7. Song of Spider-Man: The Inside Story of the Most Controversial Musical in Broadway History by Glen Berger (started 11/1; finished 12/21): B

 

 I turned my attention to this novel, well past its prime reading period, for the same reason I did Don't Look Up: because it was mentioned on a podcast I listen to. In this case, the podcast host mentioned that writer Glen Berger—who had been one of the primary writers of the Broadway play—pulls no punches, and really dishes regarding the famous people involved in the process. This would include the apparently megalomaniacal yet undeniably talented director Julie Taymor, and ridiculously busy musicians Bono and Edge from U2, who composed the original music.

 

The surprise of this book, to me, was finishing it to discover it had been published, in the fall of 2013, when Spider-Man: Turn Off the Dark was still defying expectations and continuing to run on Broadway two and a half years after an official opening that had occurred after three widely publicized delays and an unprecedented six and a half months of previews. I really had expected to read a book that was published after the show had closed. Instread, ironically, after the book ends on a somewhat cynical yet hopeful note about the show's future, the show actually closed on January 4, 2014—less than two months after the book was published. 

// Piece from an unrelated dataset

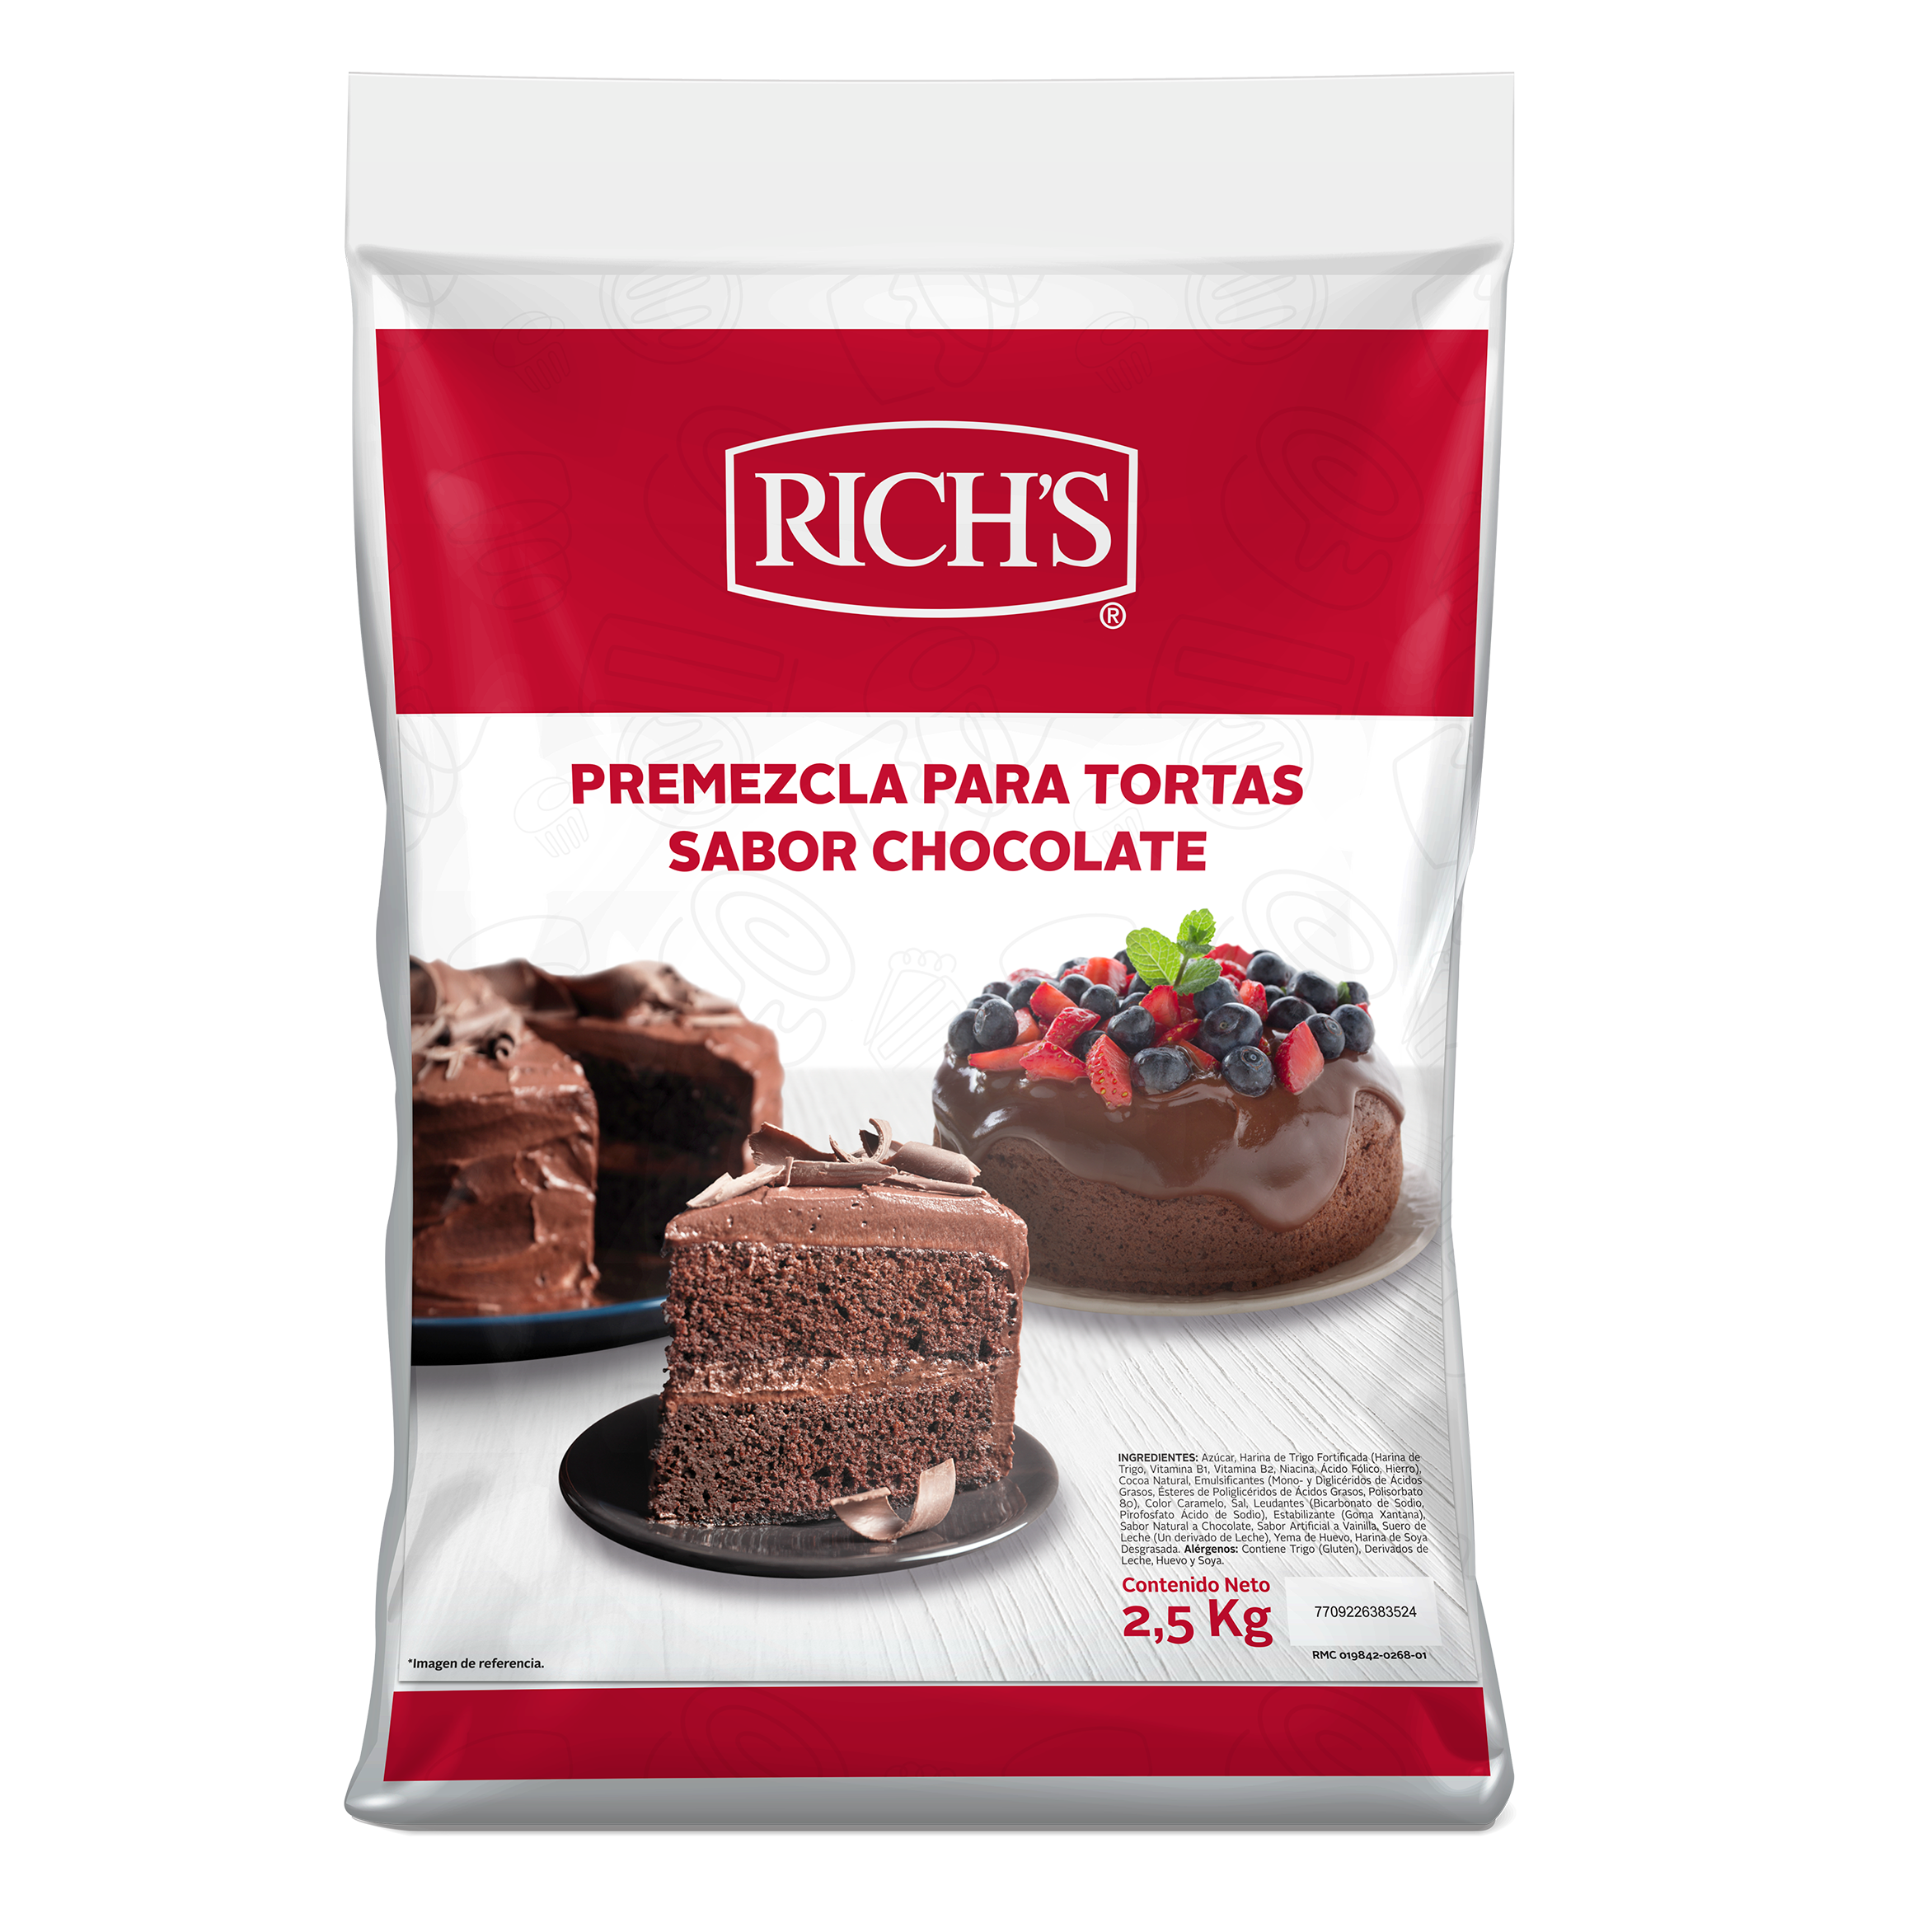 Premezcla Chocolate Rich's  — Dispropan Caribe Ltda

And boy, does this book go through several years of juicy celebrity drama—plus a whole lot of drama among behind-the-scenes people, including everything about how a couple of notoriously horrible injuries occurred during previews. This book would obviously have far greater relevance if read in, say, the fall of 2013; it's easily eight years past its prime. But, while even Glen Berger kind of allows for how it's just his one perspective and can thus be taken with a grain of salt, it makes for a petty compelling read.